> Dataset entries:
━━━━━━━━
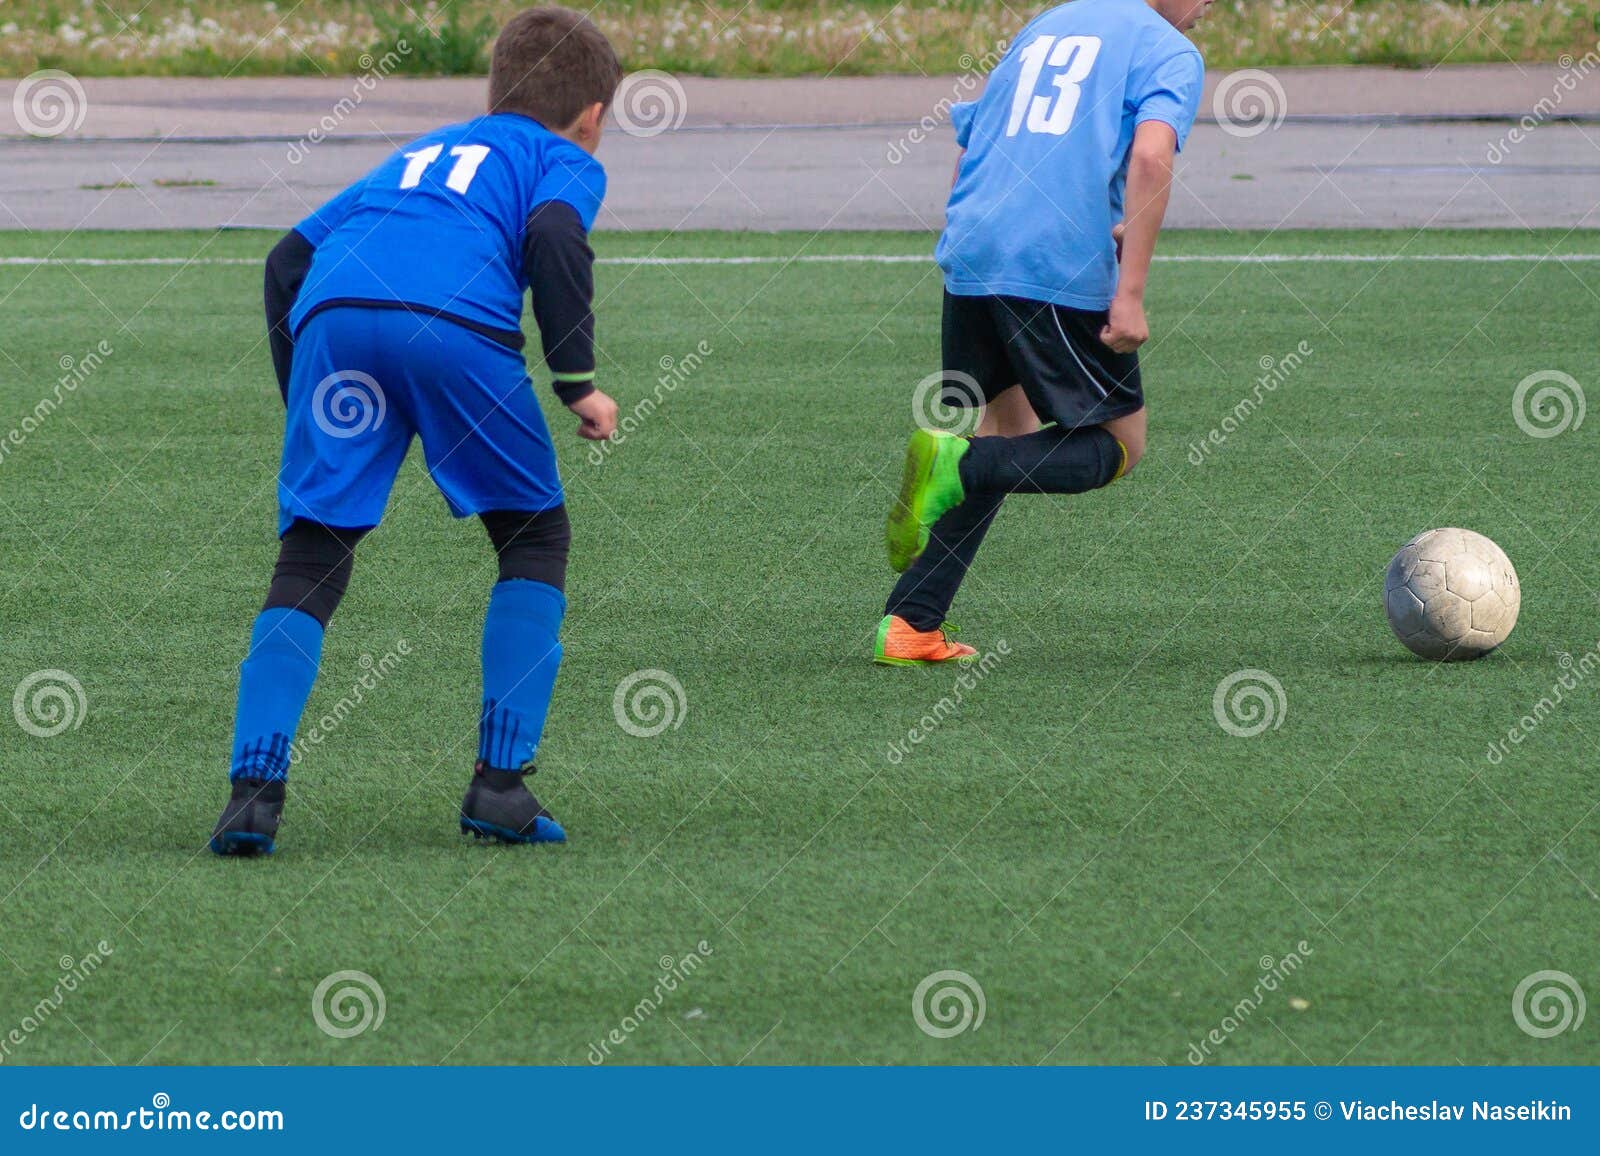 Futebol Infantil. As Crianças Estão Jogando Futebol. A Luta Ativa
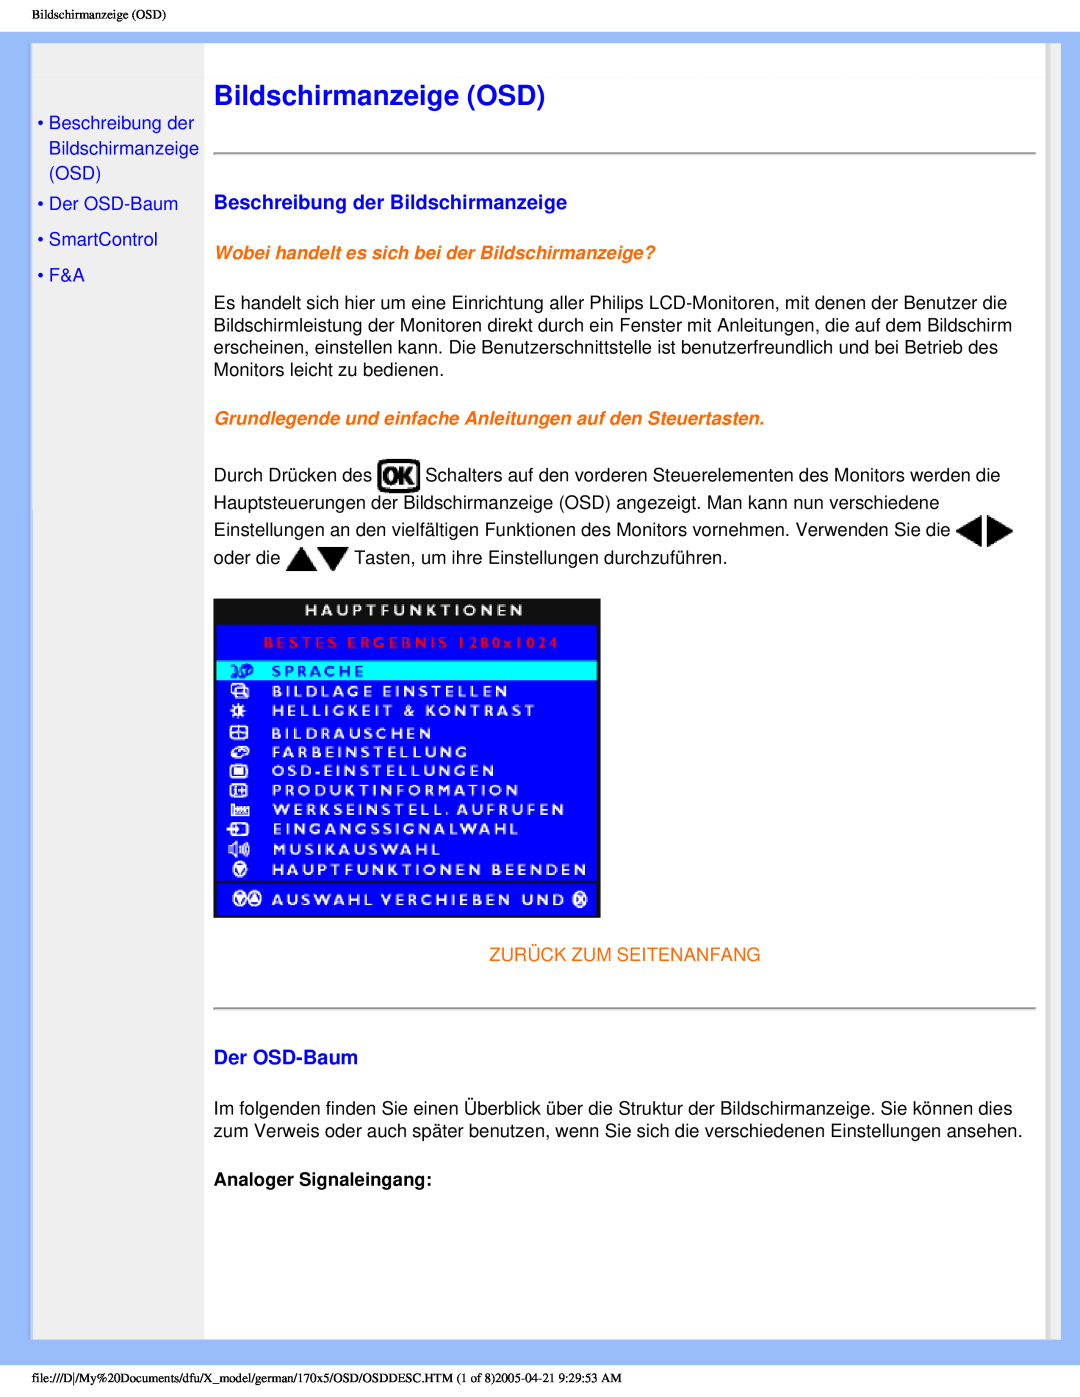 Philips 170X5FB/00 Bildschirmanzeige OSD, Beschreibung der Bildschirmanzeige, Der OSD-Baum, Zurück Zum Seitenanfang 
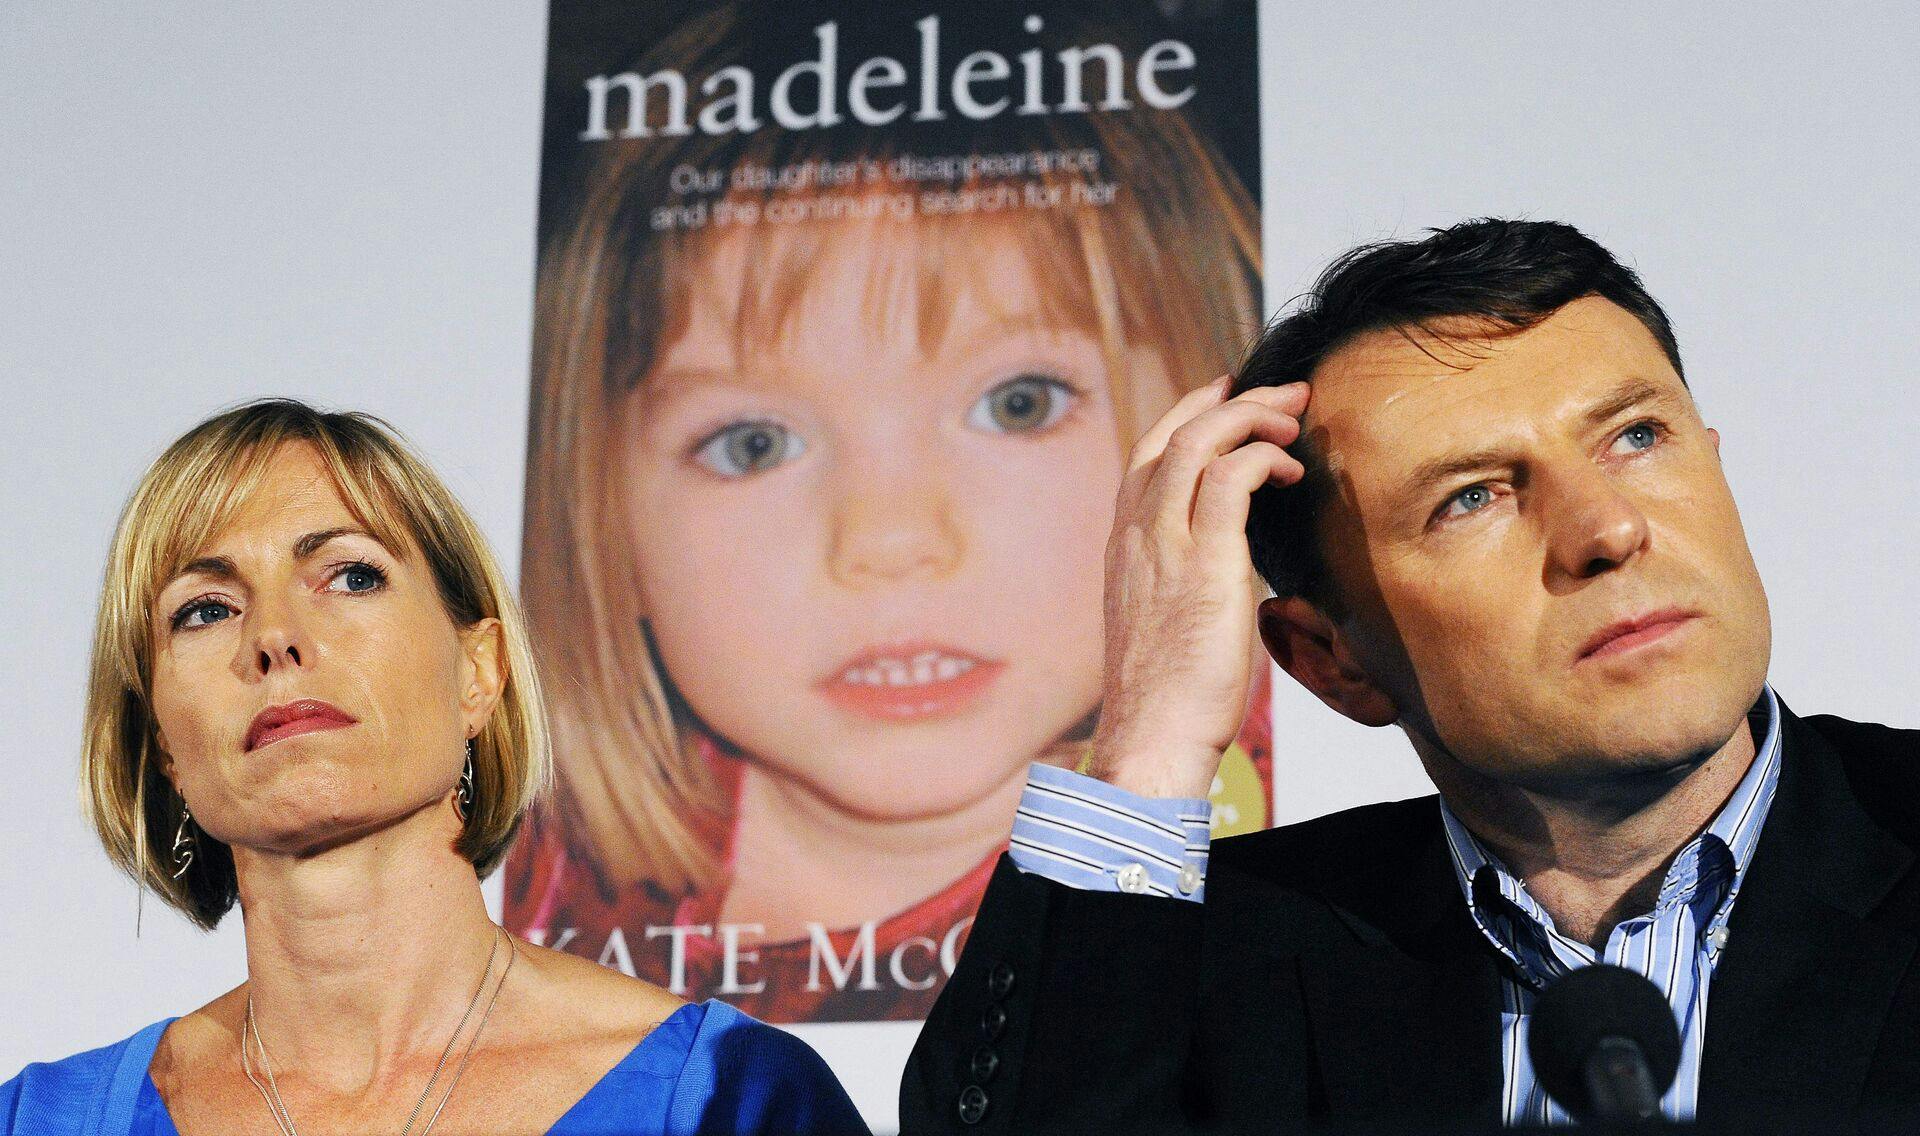 Forældrene til Madeleine McCann har undervejs i efterforskningen også været under mistanke for at have haft noget at gøre med deres datters forsvinden. De er siden blevet frikendt for mistanke.
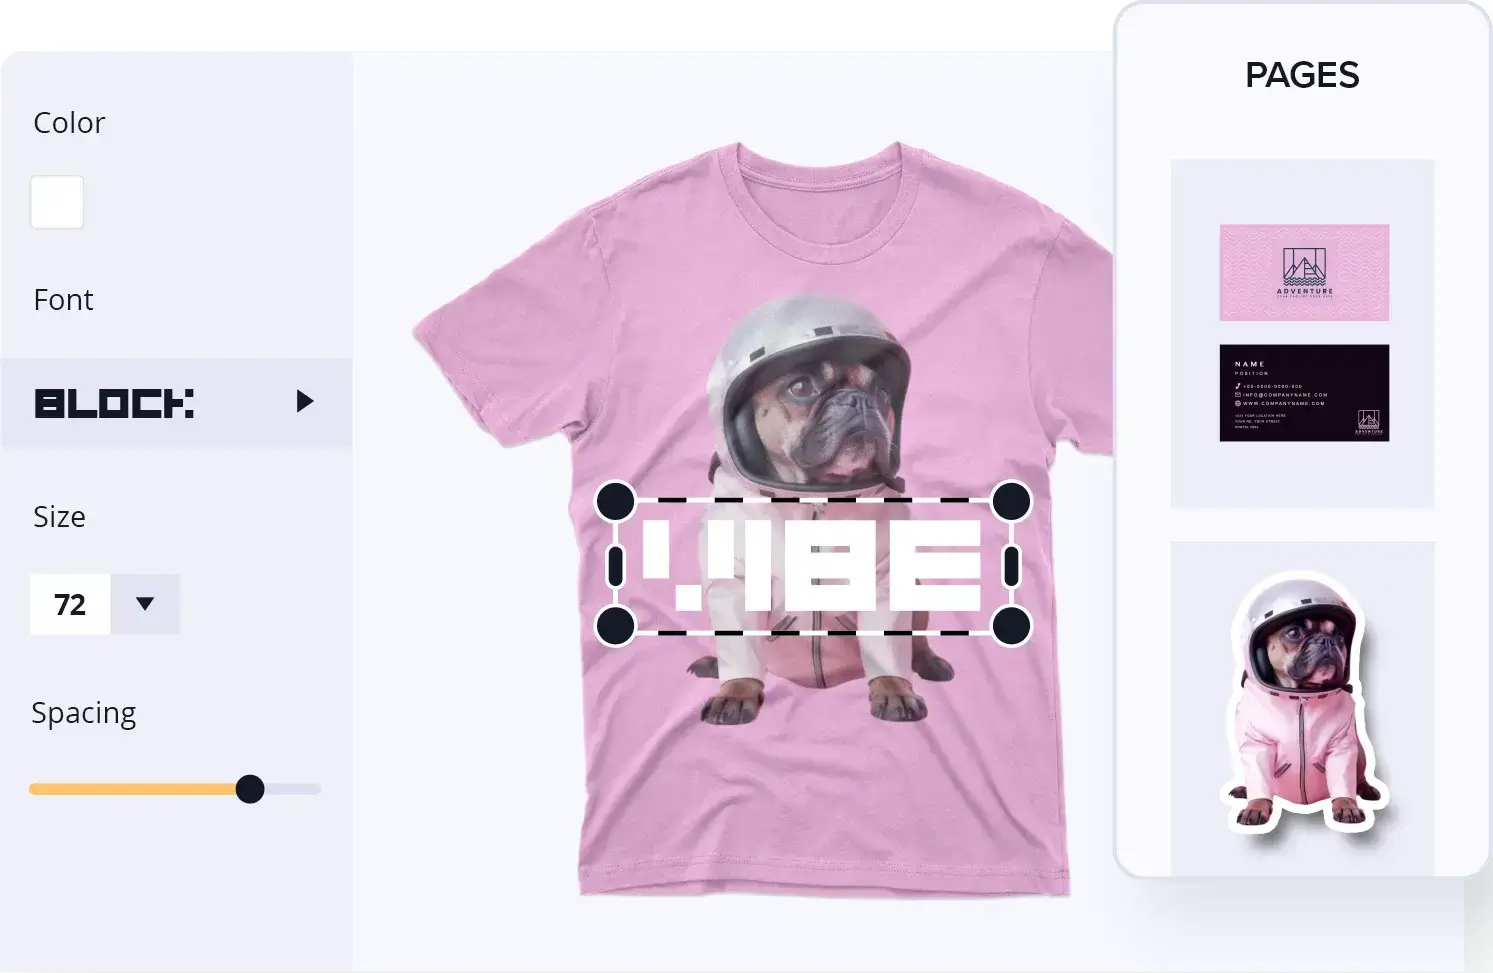 Interface d'édition graphique montrant un t-shirt rose avec un chien en combinaison spatiale et le mot "VIBE" en surimpression.
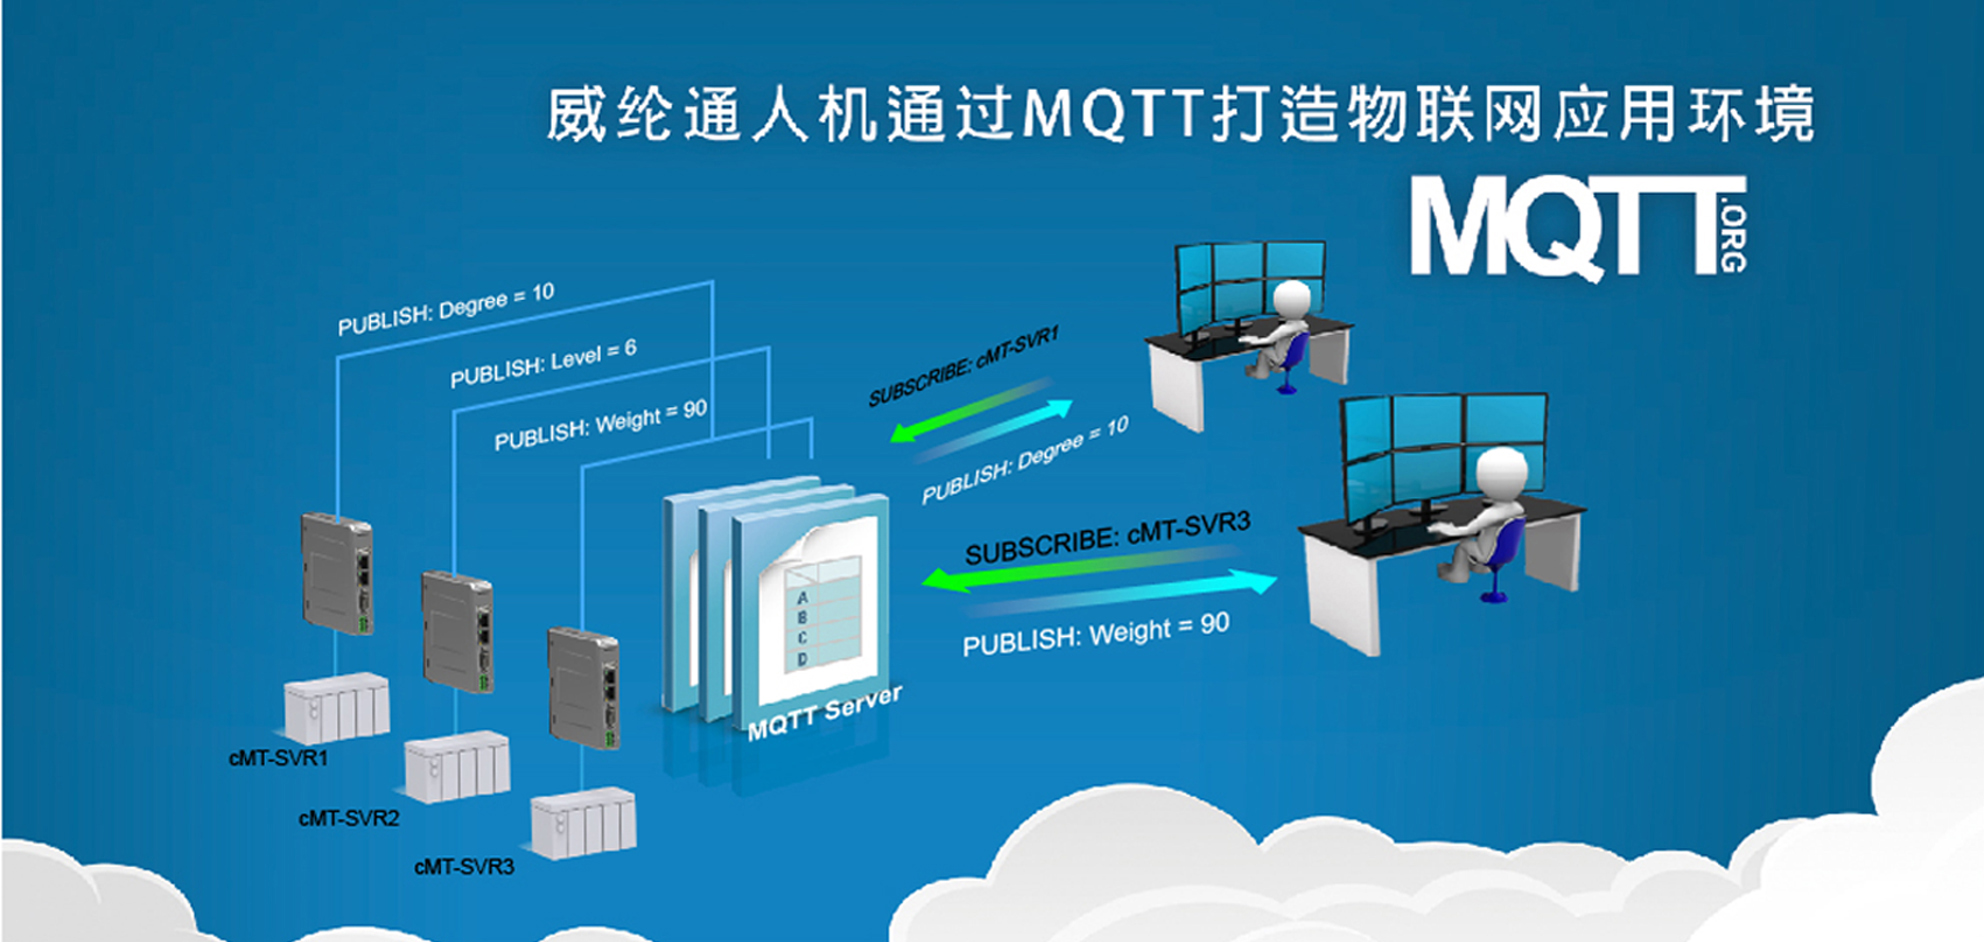 威纶通人机通过MQTT打造物联网应用环境
━━━━━━━━
With the pictures removed, return the full listing exactly as given.

> Task solution:
 Futebol Infantil. As Crianças Estão Jogando Futebol. A Luta Ativa
 Philips 170X5FB/00 Bildschirmanzeige OSD, Beschreibung der Bildschirmanzeige, Der OSD-Baum, Zurück Zum Seitenanfang 
 Forældrene til Madeleine McCann har undervejs i efterforskningen også været under mistanke for at have haft noget at gøre med deres datters forsvinden. De er siden blevet frikendt for mistanke.
 Interface d'édition graphique montrant un t-shirt rose avec un chien en combinaison spatiale et le mot "VIBE" en surimpression.
 威纶通人机通过MQTT打造物联网应用环境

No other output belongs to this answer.